◆ **Assignment**: From the listing below, copy only the lines running from the line that contains "ZHU-CL Bikini Body" to the line that contains "Автокресло Maxi Cosi", both included.
┏━━
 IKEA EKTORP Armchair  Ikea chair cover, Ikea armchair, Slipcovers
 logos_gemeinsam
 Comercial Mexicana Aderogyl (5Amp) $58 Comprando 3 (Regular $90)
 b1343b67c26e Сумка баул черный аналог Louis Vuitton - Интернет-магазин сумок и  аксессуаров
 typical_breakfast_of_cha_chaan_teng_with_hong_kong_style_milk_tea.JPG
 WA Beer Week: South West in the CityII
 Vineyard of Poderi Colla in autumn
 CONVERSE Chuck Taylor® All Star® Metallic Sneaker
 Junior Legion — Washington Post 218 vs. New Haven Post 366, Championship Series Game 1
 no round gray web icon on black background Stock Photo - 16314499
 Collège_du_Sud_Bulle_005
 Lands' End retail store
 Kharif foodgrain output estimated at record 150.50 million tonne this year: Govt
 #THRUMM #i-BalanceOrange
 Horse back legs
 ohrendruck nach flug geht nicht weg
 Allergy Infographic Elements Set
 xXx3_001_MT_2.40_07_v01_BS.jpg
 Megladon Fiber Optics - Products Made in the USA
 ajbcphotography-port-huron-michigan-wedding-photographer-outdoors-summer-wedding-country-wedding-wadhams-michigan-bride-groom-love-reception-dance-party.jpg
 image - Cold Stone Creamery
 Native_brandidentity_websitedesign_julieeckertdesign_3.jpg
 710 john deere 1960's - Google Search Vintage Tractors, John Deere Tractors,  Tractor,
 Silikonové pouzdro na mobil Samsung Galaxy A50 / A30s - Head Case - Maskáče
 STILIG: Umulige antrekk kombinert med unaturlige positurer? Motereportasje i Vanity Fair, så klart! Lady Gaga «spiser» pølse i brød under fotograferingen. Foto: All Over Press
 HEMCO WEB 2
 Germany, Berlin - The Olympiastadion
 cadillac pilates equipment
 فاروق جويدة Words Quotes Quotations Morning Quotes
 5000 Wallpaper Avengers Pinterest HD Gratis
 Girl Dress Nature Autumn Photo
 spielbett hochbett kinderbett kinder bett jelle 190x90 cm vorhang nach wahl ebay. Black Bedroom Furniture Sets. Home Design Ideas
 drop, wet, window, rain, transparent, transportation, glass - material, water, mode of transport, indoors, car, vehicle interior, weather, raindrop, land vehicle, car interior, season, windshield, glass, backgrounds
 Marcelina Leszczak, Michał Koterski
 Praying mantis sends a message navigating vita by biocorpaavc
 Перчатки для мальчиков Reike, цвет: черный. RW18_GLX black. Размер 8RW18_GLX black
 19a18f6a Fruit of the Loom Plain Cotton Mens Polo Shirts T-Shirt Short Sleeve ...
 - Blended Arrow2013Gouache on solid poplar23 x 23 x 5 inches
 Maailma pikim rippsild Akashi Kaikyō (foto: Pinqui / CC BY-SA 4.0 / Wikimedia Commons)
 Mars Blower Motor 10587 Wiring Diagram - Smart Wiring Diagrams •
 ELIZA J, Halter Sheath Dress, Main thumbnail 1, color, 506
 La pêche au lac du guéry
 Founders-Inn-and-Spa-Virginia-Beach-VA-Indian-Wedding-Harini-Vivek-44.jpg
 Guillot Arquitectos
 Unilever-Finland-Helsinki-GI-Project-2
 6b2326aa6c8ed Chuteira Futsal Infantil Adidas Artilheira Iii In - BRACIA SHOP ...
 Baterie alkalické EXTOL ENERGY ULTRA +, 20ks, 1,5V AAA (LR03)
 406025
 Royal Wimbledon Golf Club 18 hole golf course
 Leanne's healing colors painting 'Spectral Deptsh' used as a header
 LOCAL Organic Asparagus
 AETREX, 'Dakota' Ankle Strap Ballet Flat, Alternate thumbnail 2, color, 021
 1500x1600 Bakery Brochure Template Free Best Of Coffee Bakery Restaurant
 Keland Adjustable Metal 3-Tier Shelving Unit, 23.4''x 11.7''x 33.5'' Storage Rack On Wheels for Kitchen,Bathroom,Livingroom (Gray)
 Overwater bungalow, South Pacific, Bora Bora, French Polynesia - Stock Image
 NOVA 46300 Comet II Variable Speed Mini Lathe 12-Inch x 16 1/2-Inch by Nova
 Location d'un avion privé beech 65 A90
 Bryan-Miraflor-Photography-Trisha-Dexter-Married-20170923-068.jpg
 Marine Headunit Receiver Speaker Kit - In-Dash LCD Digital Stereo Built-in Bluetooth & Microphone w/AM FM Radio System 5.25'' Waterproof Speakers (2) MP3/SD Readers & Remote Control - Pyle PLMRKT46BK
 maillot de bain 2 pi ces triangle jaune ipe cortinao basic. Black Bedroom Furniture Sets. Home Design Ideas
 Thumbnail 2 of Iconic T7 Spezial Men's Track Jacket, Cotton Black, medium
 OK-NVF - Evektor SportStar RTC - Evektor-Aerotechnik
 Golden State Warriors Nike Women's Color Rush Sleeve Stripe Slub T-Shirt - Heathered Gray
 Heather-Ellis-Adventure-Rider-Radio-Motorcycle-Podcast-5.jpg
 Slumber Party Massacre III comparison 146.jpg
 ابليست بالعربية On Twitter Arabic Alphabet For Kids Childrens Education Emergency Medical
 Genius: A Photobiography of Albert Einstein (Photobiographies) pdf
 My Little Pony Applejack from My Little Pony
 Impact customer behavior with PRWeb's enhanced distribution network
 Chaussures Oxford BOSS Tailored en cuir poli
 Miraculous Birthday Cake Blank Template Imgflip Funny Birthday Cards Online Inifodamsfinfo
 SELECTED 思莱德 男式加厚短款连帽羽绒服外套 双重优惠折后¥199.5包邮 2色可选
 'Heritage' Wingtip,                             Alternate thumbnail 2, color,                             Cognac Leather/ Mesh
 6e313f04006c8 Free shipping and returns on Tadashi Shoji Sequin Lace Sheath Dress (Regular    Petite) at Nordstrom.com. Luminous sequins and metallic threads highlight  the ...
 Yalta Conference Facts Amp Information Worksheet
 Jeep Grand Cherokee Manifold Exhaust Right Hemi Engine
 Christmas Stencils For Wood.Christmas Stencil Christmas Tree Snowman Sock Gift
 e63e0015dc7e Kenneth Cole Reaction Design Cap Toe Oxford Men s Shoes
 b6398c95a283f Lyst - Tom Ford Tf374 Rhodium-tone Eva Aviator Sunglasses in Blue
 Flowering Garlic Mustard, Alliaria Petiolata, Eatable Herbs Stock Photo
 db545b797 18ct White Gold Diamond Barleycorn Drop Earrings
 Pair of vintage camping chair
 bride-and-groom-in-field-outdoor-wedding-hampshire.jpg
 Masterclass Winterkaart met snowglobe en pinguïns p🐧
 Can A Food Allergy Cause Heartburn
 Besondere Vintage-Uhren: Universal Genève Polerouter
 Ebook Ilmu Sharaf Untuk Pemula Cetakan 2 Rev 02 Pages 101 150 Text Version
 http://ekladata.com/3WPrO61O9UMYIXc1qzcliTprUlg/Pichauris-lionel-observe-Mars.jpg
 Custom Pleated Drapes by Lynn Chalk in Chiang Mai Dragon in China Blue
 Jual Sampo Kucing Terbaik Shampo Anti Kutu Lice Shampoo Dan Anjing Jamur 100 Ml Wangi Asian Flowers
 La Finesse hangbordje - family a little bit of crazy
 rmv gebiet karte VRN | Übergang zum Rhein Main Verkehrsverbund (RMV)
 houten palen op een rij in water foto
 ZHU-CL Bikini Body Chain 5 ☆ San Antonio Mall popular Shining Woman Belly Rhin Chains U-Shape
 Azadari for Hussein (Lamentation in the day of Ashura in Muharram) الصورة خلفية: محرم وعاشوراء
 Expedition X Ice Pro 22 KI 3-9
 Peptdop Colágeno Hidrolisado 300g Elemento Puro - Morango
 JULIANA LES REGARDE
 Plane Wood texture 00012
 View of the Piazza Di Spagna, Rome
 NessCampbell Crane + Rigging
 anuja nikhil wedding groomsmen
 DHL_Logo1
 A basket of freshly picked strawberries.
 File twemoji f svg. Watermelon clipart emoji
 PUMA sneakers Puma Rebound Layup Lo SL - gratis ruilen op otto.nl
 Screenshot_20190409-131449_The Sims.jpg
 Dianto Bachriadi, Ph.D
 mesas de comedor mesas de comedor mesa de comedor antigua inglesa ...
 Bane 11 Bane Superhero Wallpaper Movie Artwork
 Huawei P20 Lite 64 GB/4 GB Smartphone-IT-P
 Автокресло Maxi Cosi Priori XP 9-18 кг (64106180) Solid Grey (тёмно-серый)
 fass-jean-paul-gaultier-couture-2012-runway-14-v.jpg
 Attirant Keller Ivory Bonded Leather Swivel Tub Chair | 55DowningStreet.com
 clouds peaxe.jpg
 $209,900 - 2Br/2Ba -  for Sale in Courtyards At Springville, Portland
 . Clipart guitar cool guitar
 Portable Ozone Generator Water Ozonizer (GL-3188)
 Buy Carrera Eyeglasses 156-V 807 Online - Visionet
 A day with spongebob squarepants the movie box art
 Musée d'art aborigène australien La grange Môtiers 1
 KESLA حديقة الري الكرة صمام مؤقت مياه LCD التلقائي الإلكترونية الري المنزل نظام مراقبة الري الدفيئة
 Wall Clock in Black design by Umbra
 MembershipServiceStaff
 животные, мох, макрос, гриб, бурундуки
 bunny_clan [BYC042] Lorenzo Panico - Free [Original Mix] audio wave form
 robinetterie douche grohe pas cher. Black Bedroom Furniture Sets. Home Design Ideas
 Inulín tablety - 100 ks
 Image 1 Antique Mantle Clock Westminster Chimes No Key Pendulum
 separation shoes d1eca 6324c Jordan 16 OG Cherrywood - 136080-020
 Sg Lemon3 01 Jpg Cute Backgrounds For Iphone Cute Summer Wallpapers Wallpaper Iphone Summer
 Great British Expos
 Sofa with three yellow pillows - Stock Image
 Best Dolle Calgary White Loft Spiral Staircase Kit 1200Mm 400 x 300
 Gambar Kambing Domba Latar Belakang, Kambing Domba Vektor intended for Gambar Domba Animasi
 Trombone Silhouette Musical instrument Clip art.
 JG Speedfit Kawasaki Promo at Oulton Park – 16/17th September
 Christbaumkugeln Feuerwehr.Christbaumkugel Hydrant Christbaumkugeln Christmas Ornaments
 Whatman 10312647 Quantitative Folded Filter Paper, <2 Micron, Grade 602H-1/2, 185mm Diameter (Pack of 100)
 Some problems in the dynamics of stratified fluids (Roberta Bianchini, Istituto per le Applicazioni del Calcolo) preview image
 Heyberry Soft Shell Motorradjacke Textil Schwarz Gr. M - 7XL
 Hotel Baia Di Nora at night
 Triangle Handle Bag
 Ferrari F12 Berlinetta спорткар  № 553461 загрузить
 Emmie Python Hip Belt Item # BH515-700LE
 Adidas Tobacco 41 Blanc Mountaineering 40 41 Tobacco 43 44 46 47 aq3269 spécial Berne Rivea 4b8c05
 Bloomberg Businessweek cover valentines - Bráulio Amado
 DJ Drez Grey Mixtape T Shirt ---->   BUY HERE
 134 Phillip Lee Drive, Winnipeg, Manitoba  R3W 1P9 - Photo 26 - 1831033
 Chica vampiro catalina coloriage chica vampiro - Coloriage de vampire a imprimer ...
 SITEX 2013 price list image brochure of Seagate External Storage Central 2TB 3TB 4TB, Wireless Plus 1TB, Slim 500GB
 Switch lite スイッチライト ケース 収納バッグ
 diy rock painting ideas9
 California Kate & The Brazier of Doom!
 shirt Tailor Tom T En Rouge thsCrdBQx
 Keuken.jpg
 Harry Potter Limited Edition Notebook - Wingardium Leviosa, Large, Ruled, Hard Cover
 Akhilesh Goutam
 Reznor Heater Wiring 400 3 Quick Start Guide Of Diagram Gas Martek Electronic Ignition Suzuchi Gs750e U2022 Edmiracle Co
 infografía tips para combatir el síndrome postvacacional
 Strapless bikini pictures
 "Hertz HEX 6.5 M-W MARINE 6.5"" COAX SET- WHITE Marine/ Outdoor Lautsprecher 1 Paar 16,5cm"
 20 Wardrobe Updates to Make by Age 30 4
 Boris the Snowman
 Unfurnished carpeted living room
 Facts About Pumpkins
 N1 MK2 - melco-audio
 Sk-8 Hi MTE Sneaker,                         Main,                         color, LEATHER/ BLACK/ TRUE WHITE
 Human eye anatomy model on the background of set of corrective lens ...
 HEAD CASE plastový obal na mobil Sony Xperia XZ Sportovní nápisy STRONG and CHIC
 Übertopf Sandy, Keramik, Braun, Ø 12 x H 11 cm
┗━━
◆ **Response area**:
 ZHU-CL Bikini Body Chain 5 ☆ San Antonio Mall popular Shining Woman Belly Rhin Chains U-Shape
 Azadari for Hussein (Lamentation in the day of Ashura in Muharram) الصورة خلفية: محرم وعاشوراء
 Expedition X Ice Pro 22 KI 3-9
 Peptdop Colágeno Hidrolisado 300g Elemento Puro - Morango
 JULIANA LES REGARDE
 Plane Wood texture 00012
 View of the Piazza Di Spagna, Rome
 NessCampbell Crane + Rigging
 anuja nikhil wedding groomsmen
 DHL_Logo1
 A basket of freshly picked strawberries.
 File twemoji f svg. Watermelon clipart emoji
 PUMA sneakers Puma Rebound Layup Lo SL - gratis ruilen op otto.nl
 Screenshot_20190409-131449_The Sims.jpg
 Dianto Bachriadi, Ph.D
 mesas de comedor mesas de comedor mesa de comedor antigua inglesa ...
 Bane 11 Bane Superhero Wallpaper Movie Artwork
 Huawei P20 Lite 64 GB/4 GB Smartphone-IT-P
 Автокресло Maxi Cosi Priori XP 9-18 кг (64106180) Solid Grey (тёмно-серый)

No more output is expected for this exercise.